La riduzione del 30% entro cinque giorni non è disponibile. Non si può neanche chiudere il procedimento versando il minimo edittale entro sessanta giorni perché l’articolo 202 inserisce il contromano autostradale tra le violazioni escluse dal pagamento in misura ridotta. Il verbale viene trasmesso al prefetto entro dieci giorni. L’interessato può presentare ricorso prefettizio entro sessanta giorni dalla contestazione o dalla notificazione, oppure rivolgersi al giudice di pace entro trenta giorni.
Nemmeno un’app di navigazione offre un lasciapassare. Nel gennaio 2026, per esempio, la Polizia Stradale ha fermato sulla A14, nell’area di Bari, un settantacinquenne che aveva attribuito allo smartphone l’ingresso nella direzione sbagliata: sono seguiti sanzione, revoca della patente e fermo del veicolo per tre mesi. La segnaletica stradale prevale sempre sulle istruzioni digitali, che possono essere imprecise, non aggiornate o mal interpretate.
Il contromano è automaticamente un reato?

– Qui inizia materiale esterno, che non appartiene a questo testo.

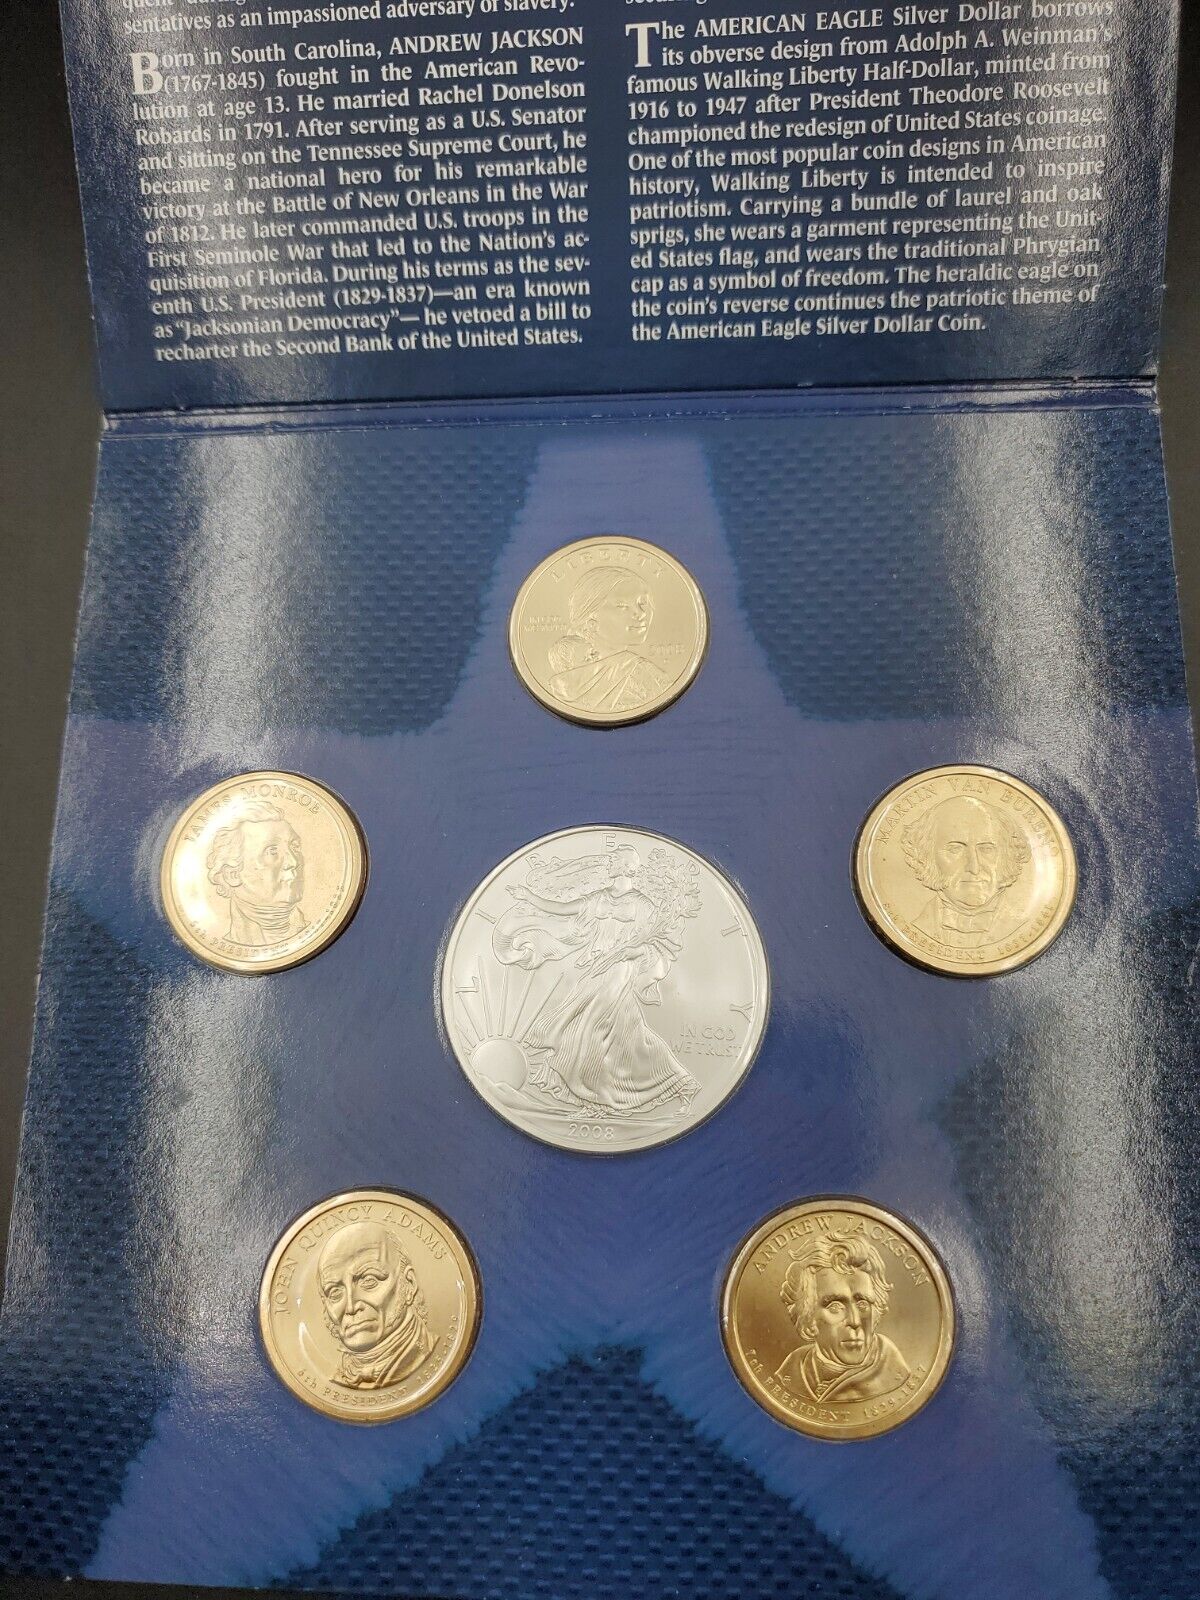 2008 Annual United States Uncirculated Dollar Coin Set w/ silver eagle

Quando non si verificano incidenti, nessuno rimane ferito e non emergono autonome condotte penalmente rilevanti, il fatto resta in linea generale una gravissima violazione amministrativa. L’entità della multa e la revoca non trasformano da sole l’episodio in un reato.
Il passaggio al penale avviene se dalla marcia contromano derivano lesioni o morte di una persona, oppure quando al controllo emergono ebbrezza, assunzione di stupefacenti, fuga dopo l’incidente, omissione di soccorso o altre fattispecie previste dalla legge. Ogni imputazione richiede l’accertamento del nesso causale, dell’elemento soggettivo e delle circostanze specifiche; una formula automatica non sostituisce l’indagine.

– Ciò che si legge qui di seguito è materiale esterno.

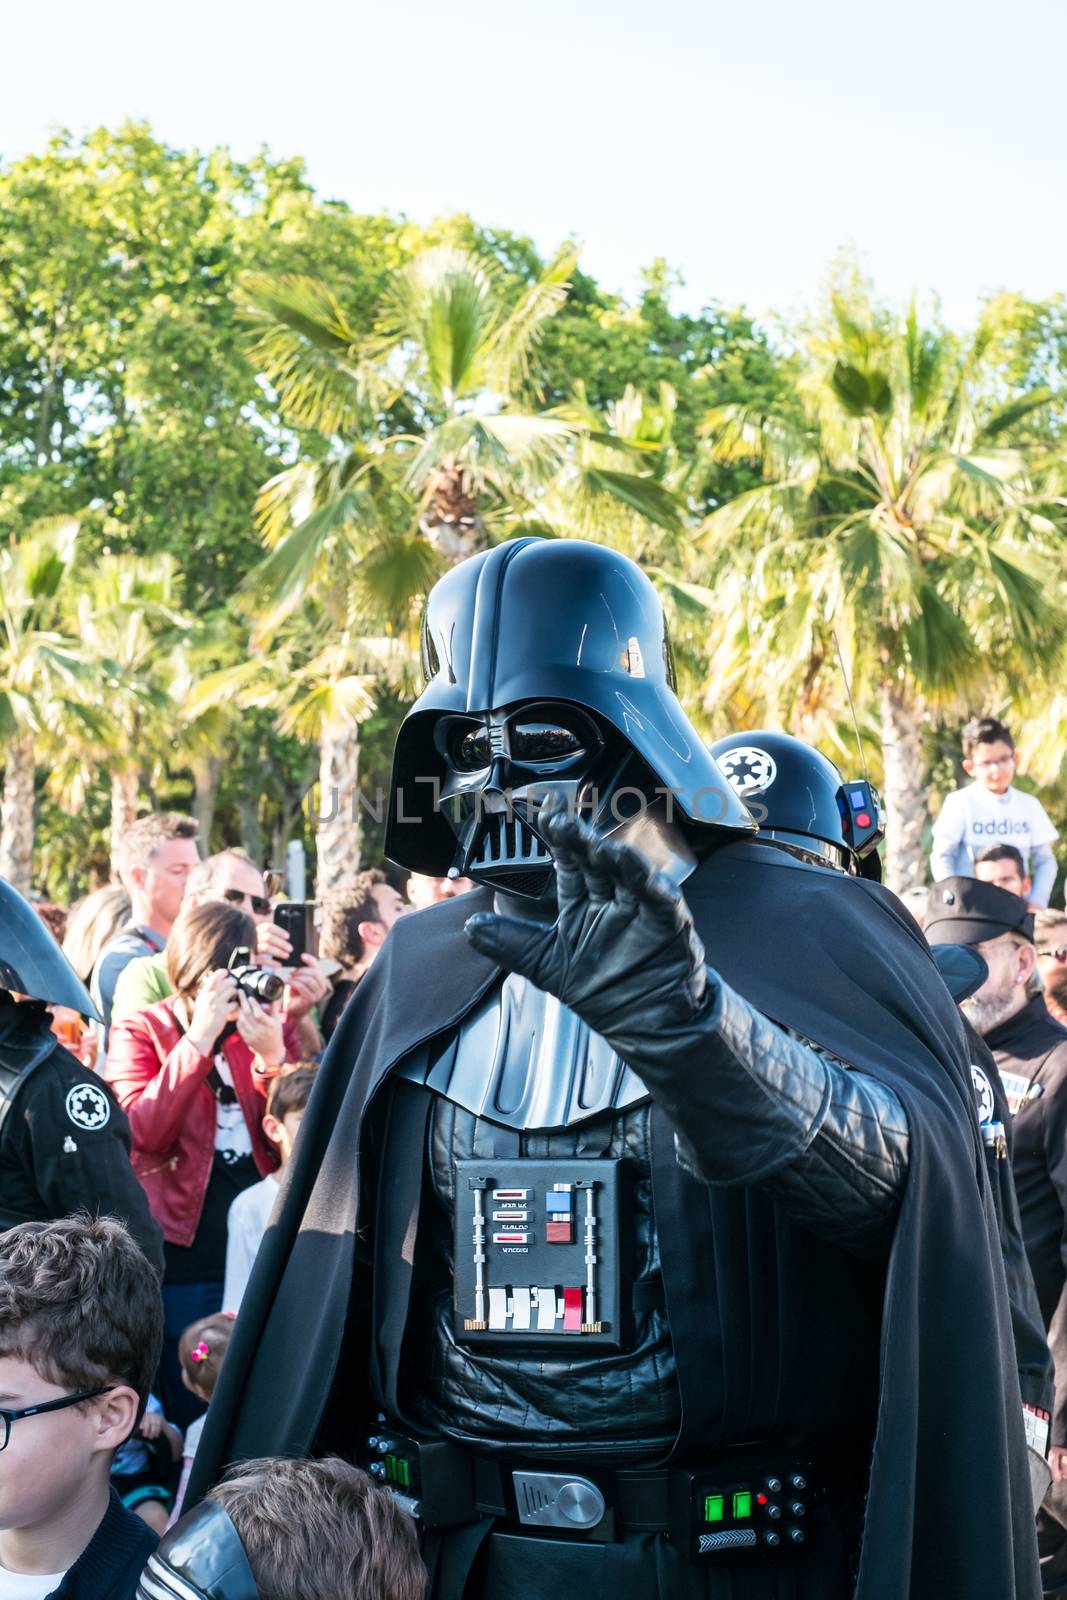 Malaga, Spain - May 05, 2018. Member of the 501st Legion Spanish Garrison dressed as Darth Vader from the movie saga Star Wars, perform along the walk Muelle Uno, Malaga, Spain

Le pene per le lesioni stradali
L’articolo 590-bis del Codice penale considera la circolazione contromano una circostanza aggravante. Quando la condotta causa una lesione grave, la pena prevista va da un anno e sei mesi a tre anni. In presenza di una lesione gravissima, la forbice sale da due a quattro anni.
Per comprendere la differenza, si parla in termini generali di lesione grave quando la malattia o l’incapacità supera quaranta giorni oppure ricorrono le altre ipotesi descritte dal Codice penale. La categoria gravissima comprende conseguenze come una malattia certamente o probabilmente insanabile, la perdita di un senso o di un arto e altre menomazioni di analoga portata.
Se le persone ferite sono più di una, la pena prevista per la violazione più grave può essere aumentata fino al triplo, senza superare sette anni. Una corresponsabilità della vittima o di terzi, quando l’evento non dipende solo dal conducente contromano, consente invece una riduzione fino alla metà.
Alcol e droga aggravano ancora il quadro. Le fasce sanzionatorie cambiano secondo il tasso alcolemico, la categoria del conducente e la fattispecie contestata; nei casi più severi, le lesioni gravi possono condurre a una reclusione da tre a cinque anni e quelle gravissime da quattro a sette anni.